GBP/SEK/NOK/CAD/CHF - All lagging their major peers, and especially the Pound, Swedish and Norwegian Crowns. Cable has fallen below a fairly resilient 1.3150 mark following the latest UK Parliamentary votes on Brexit ended with no majority support for any of the 8 options tabled, and in fact resounding rejection in 6 instances, leaving the situation even more uncertain than it was before the HoC took the baton from PM May. Meanwhile, Eur/Nok and Eur/Sek have both bounced further in wake of yesterday’s worse than expected Norwegian jobs data and as Swedbank suffers more investor angst over money laundering allegations, with the former up to 9.7465 and latter at 10.4935 before easing back. The Loonie is also weaker post-data, between 1.3400-30 vs its US rival, with the Franc still somewhat mixed as it pivots 0.9950 vs the Greenback and 1.1200 against the Euro in advance of a speech from SNB’s Maechler that could fan speculation about intervention to curb excess Chf strength/demand.

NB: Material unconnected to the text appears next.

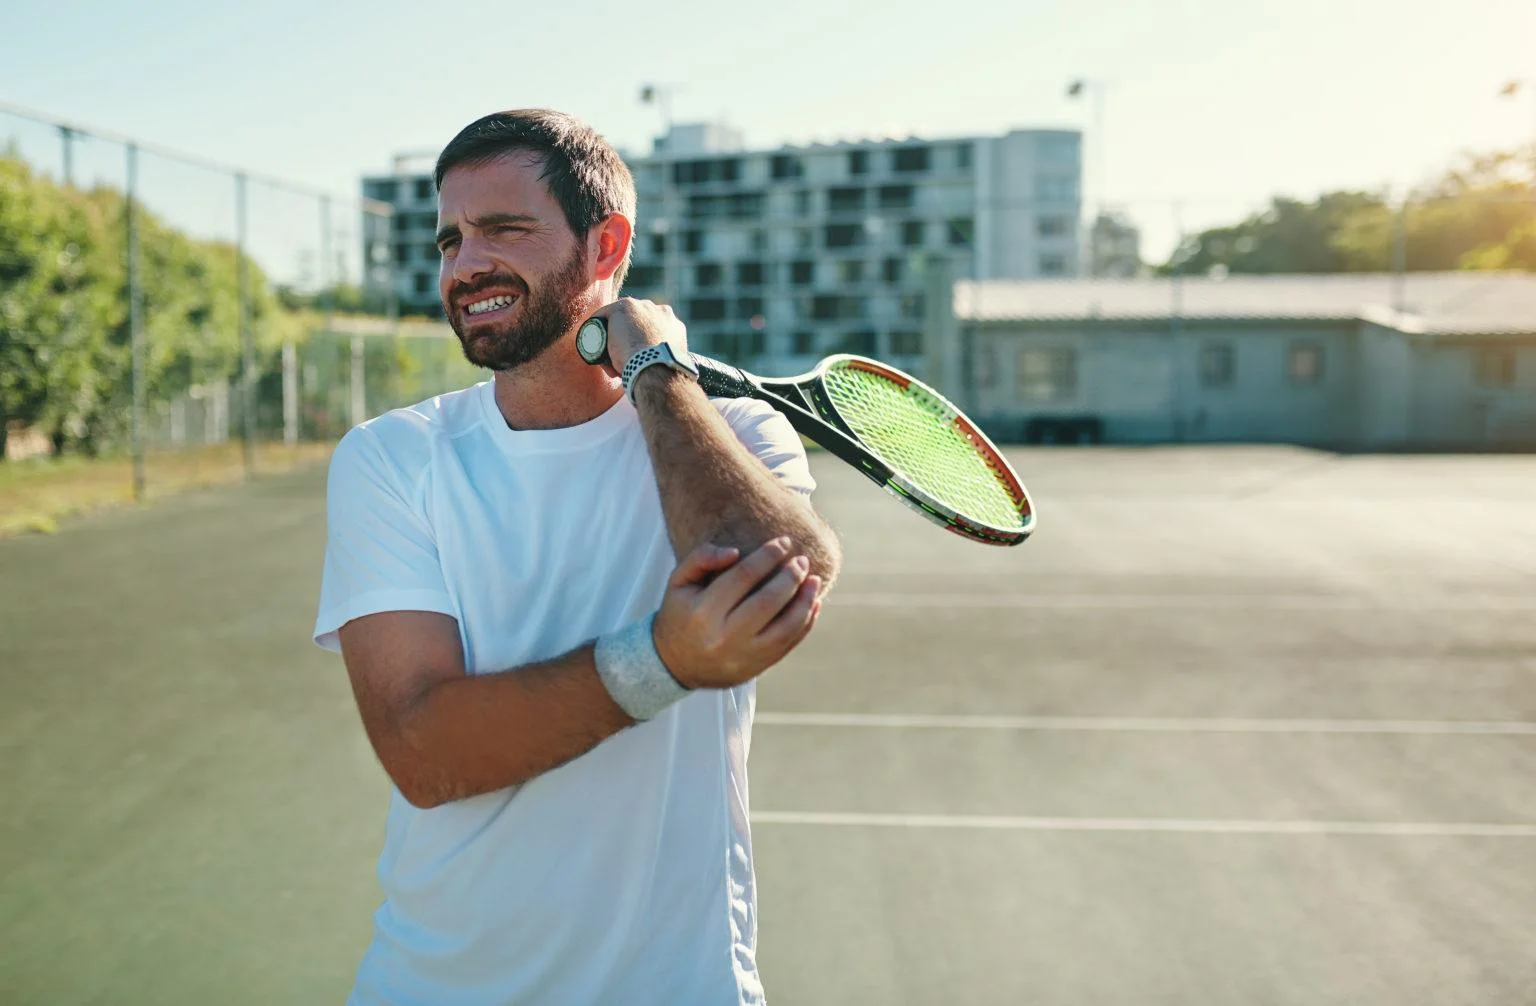 Common Tennis Injuries and How to Manage Them

DXY - The index has climbed into a higher range after recent declines amidst falling US Treasury yields and deeper curve inversion to probe above 97.000, and from a technical perspective the Buck may be able to overcome residual month end flows that are said to be mildly bearish.

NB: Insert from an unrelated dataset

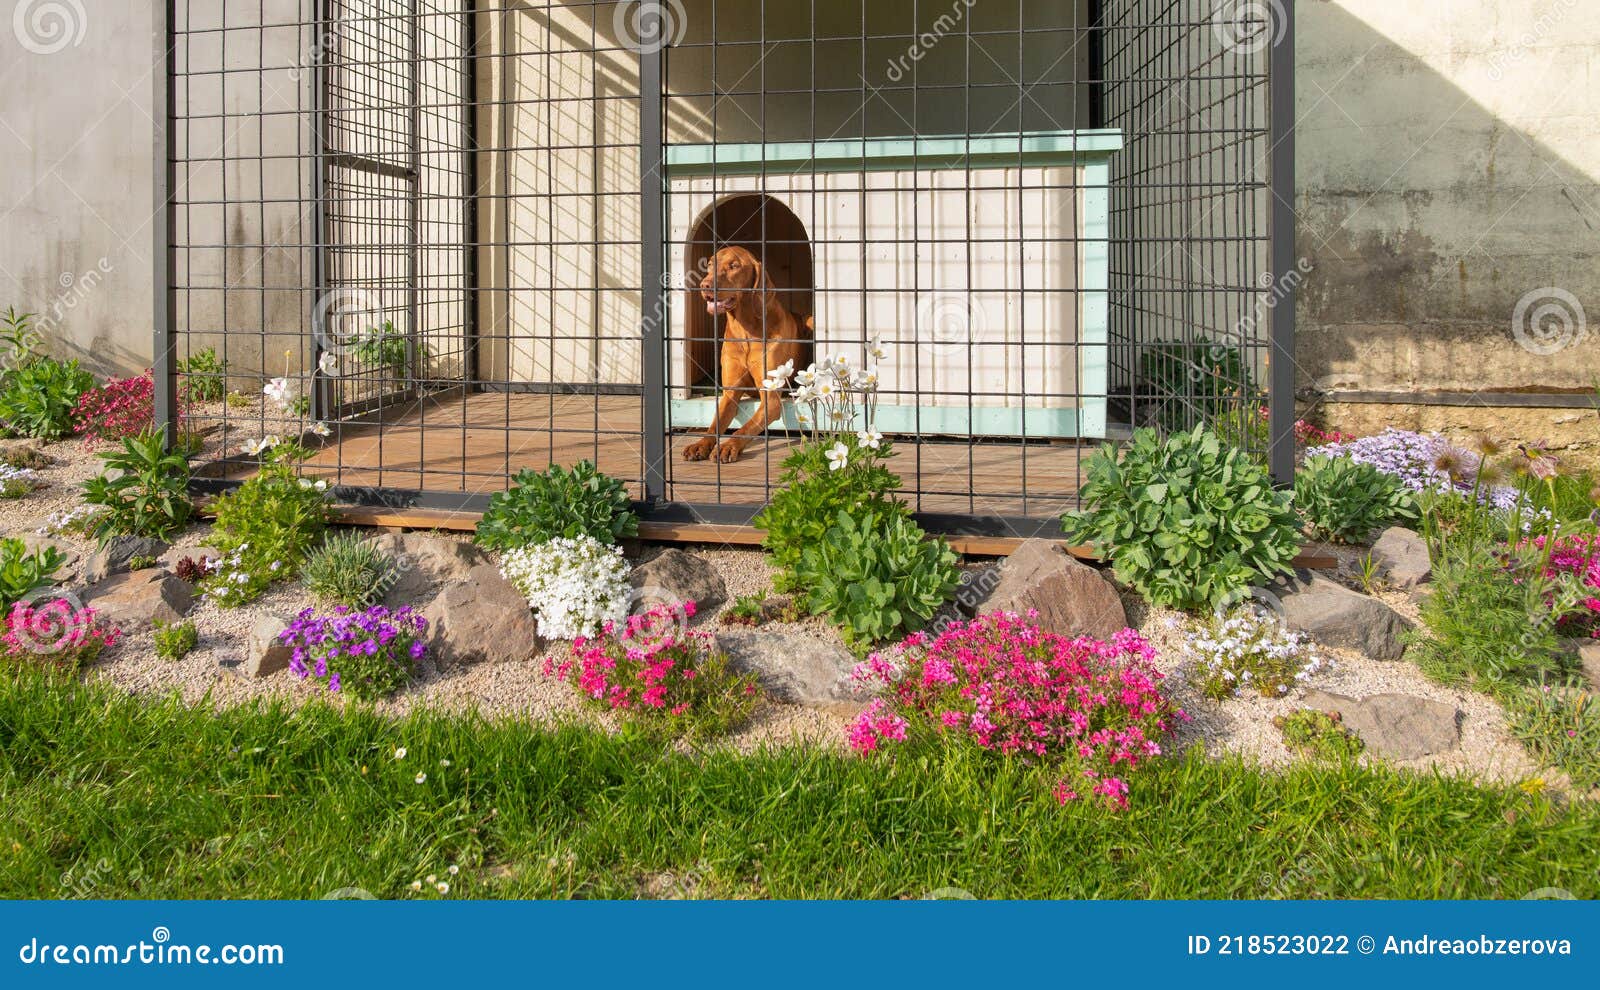 cute vizsla hunting dog in his dog kennel with beautifuly landscaped surroundings.

Brazil’s Economy Minister Guedes said that if the pension reform bill of BRL 1tln passes, interest rates would naturally decline by 2 percentage points. (Newswires)
New Zealand ANZ Business Confidence (Mar) -38.0 (Prev. -30.9). (Newswires) New Zealand ANZ Activity Outlook (Mar) 6.3 (Prev. 10.5)
The 10 year German debt future has seen more downside price action and bullish correction after its mid-week propulsion to new contract peaks and multi-year yield lows, with a pull-back to 166.28 effectively matching another near term chart support level at 166.31, but not triggering stops that might have resulted in a deeper retracement (to 166.19, which represents 50% of Wednesday’s rally). However, Bunds are still underperforming Gilts and US Treasuries as the UK benchmark rebounds firmly to eke out a marginal new Liffe high at 129.54 from a fresh base (129.18) and the latter trade just a fraction below par ahead of a busy data line up and the final leg of this week’s supply in the form of Usd32 bn 7 year notes. Back to Eurex, consolidation and unwinding some outperformance appears more evident than a decisive change of direction or trend, but a loss of momentum could also be attributed to the bulk of month end positioning already done (to recap, durations are said to be supportive for Eurozone bonds, and Gilts).
WTI (-0.6%) and Brent (-0.6%) futures languish following yesterday’s pullback, although the benchmarks remain off worst levels amid an improvement in market sentiment. Despite this week’s builds in API and DoE crude inventories (API +1.9mln, DoE +2.8mln), UBS analysts note that both weekly data and for the year thus far are more bullish than usual. Meanwhile, WSJ reported that Saudi Aramco plans to issue a USD 10bln bond, to be used as part of a payment for their 70% purchase of Sabic which is valued at USD 69.1bln, according to sources. On the OPEC+ front, Russian Energy Minister Novak told RIA newspaper that the OPEC+ Charter could be signed in either May or June. Elsewhere, precious metals are pressured by firmer buck with gold (-0.2%) hovering close to its 50 DMA at 1307/oz. Meanwhile, base metals are faring better, with risk-gauge copper bouncing off lows as the risk appetite supports the red metal.